Engineer: A Sigma Sector Story
Page 6
“Where does Fabregas fit into all of this?” he asked.
Harrington gasped fitfully between every few words, but he managed to explain that Vendra had added Fabregas to the ship’s roster at Banion’s instruction. The guy was supposed to be a scapegoat for the sabotage, if needed. Harrington had been there when Banion told Fabregas what was going on, and the young man had snapped, grabbing a laser scalpel and going after Banion. Zhi and Arkady had restrained the incensed youth and dragged him off.
“I wasn’t comfortable with the whole situation, so I walked out, not realizing that Banion wouldn’t let me leave in one piece.” Harrington rubbed the side of his face gingerly. “I’d told the captain about Fabregas right before Banion told me what was going on. I was heading back up to the bridge to tell her about it, but those damn O’Briens beat me senseless. Should’ve just called it in.”
“You don’t have to worry about those two anymore,” Reeves said.
“The O’Briens?”
“They’re lying in the jump drive control room looking a lot worse than you do.”
“What happened?”
“They’re dead,” Melissa said flatly, inviting no more questions on the subject. She’d probably recover from that affair eventually, but Reeves could tell she was still affected by taking someone else’s life. Two worthless lives, in this case.
“So Banion’s plan is to hold the Scythe for ransom from Schumacher?” Reeves asked, diverting the conversation away from Melissa’s grisly actions.
“Right,” Harrington grunted. “That lanky Zhusaana’s the one taking credit for the hijacking. After payment is made, he’s to leave on the shuttle, and I’m supposed to pilot the Scythe back to port after the unfortunate tragic death of our captain.”

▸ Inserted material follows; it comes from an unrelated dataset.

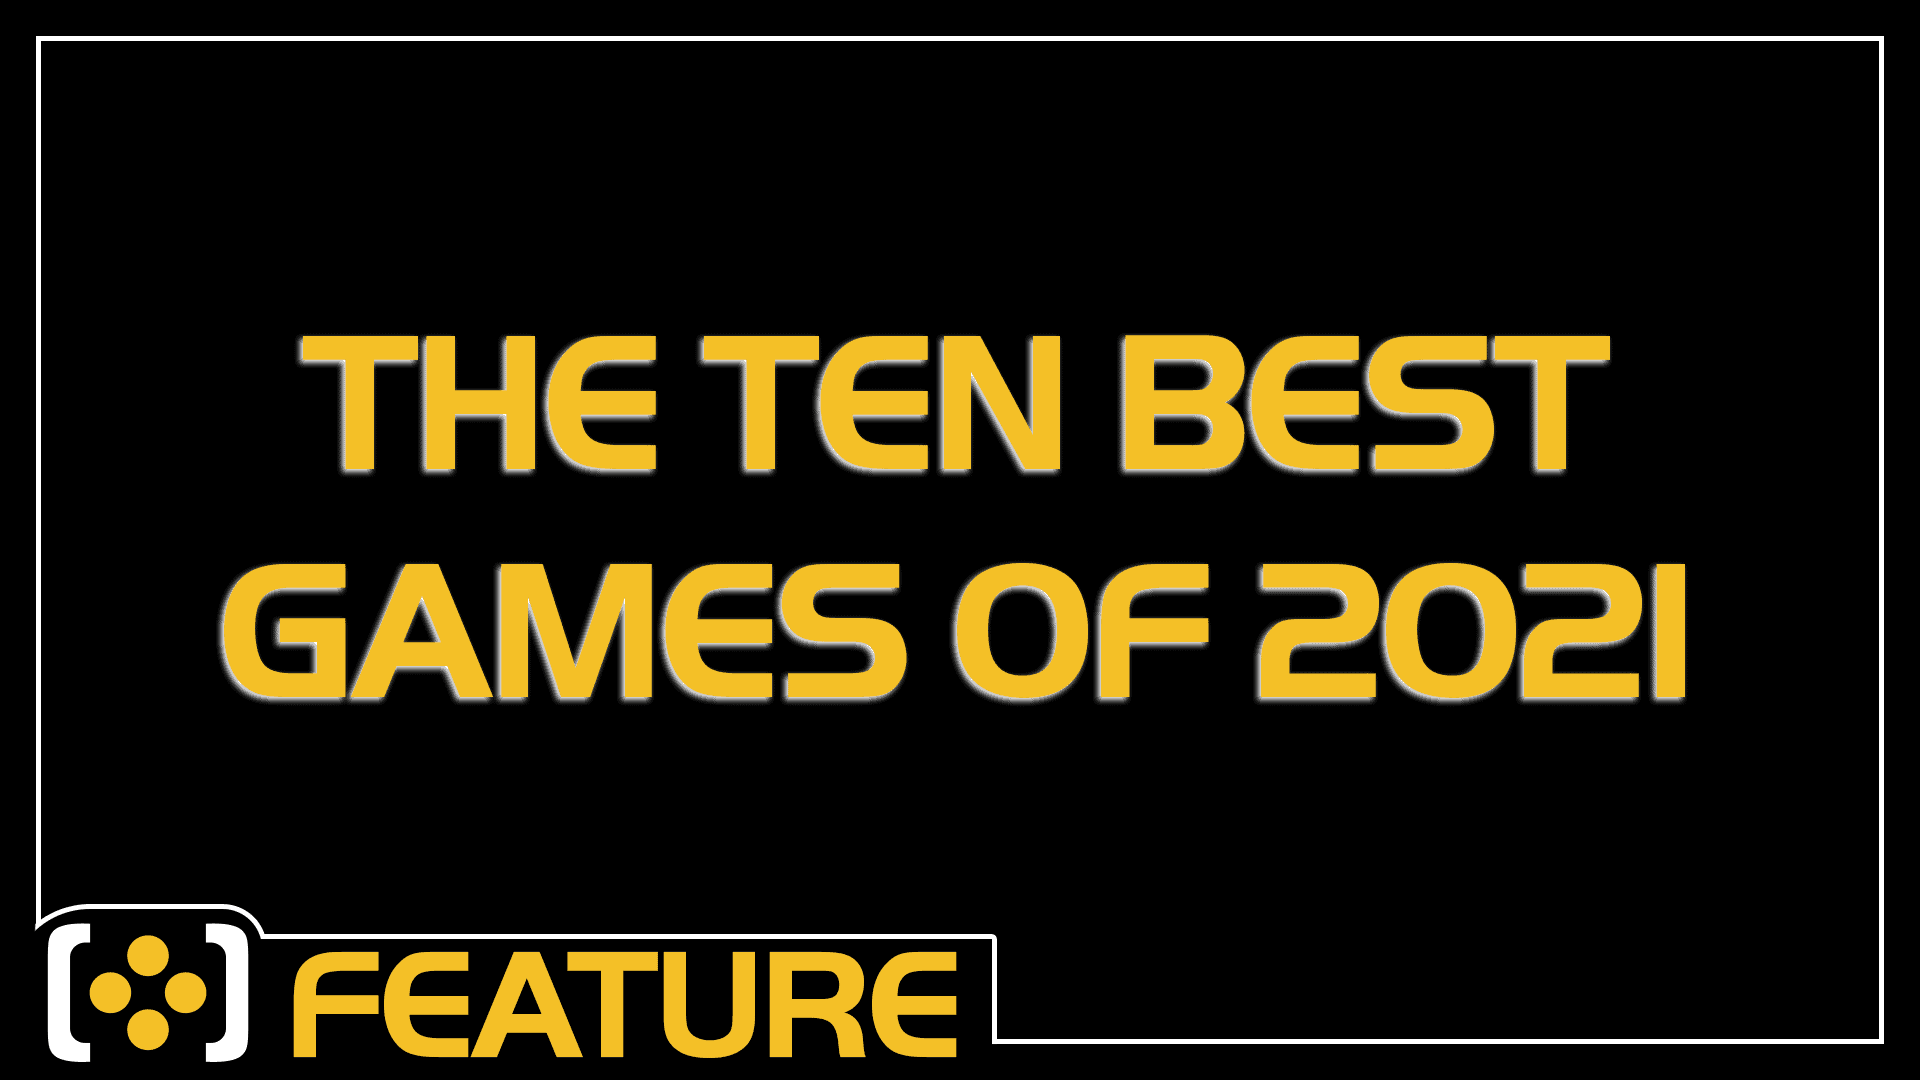 The Ten Best Games of 2021

“But you’d never do that?” Melissa exclaimed. “Would you?”
He looked at her with the pompous gaze that had pissed Reeves off so much in the past.

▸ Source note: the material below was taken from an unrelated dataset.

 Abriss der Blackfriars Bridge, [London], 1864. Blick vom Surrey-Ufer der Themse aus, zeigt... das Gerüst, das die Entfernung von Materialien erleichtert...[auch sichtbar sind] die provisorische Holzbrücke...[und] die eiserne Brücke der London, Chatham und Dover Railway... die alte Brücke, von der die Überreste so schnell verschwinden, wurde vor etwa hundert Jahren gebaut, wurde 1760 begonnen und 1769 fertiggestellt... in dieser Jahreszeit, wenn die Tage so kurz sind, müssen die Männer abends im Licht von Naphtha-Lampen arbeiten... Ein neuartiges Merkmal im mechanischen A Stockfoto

“JE Nguyen, I’m a company man, no two ways about it. They couldn’t pay me enough to screw over Schumacher. Your friend Reeves here has always hated me, but even he’ll tell you I’m a straight-shooter when it comes to the company’s best interests.”
“That’s why I hate you so much,” Reeves said. “But anyway, it must be a big payday for them all if they’re all willing to get involved.”
Dark shadows fell across Harrington’s face.
“I don’t think Banion plans on leaving many of them alive,” he said. “This’s his and that Zhusaana’s baby. The rest of them are disposable.”
“No,” Melissa whispered, mostly to herself as she stared at the floor.
“You better believe it, Nguyen,” Harrington said. “Vendra was only useful to get Fabregas and Banion onboard. You can bet Nehru won’t last much longer.”
“You think he’ll kill the hostages?” Reeves asked, dreading the answer.
“Of course. But it won’t be Banion who does it. He’ll have Zhi or Arkady take care of them as soon as Captain Sturm opens the bridge to him.”
“So Ally’s just a bargaining chip so that that asshole can take control of the ship?”
“Seems that way. I don’t understand the thought process behind the whole plan, but Banion believes in it, and that’s scary enough.” Harrington coughed up and spat out some blood for the ASD to mop up.
Reeves paced up and down the lab, always facing away from Fabregas’s remains as he turned back and forth. They didn’t have time to sit here and chat all day. He was shocked that no one else had bothered coming back here already. What could they do?
“What about the surveillance?” Reeves asked, stopping in mid-stride.
“Disabled,” Harrington grunted.
“Shit,” Reeves said, but he should’ve expected as much. They’d already covered a lot of their tracks, so that seemed like a logical step to foil any rescue attempts. “So we only have to worry about Zhi, Arkady, and Banion. Vendra’s harmless.”
“They’re all armed, and we’re not,” said Harrington.
“Wrong,” Reeves said. Both he and Melissa produced their weapons.
“You stole those from the O’Briens?” Harrington asked, slowly getting to his feet.
“No, we fashioned them out of modeling clay when we had a spare moment earlier.”
“Whatever, Reeves. Hand them over,” Harrington said, taking a step towards him.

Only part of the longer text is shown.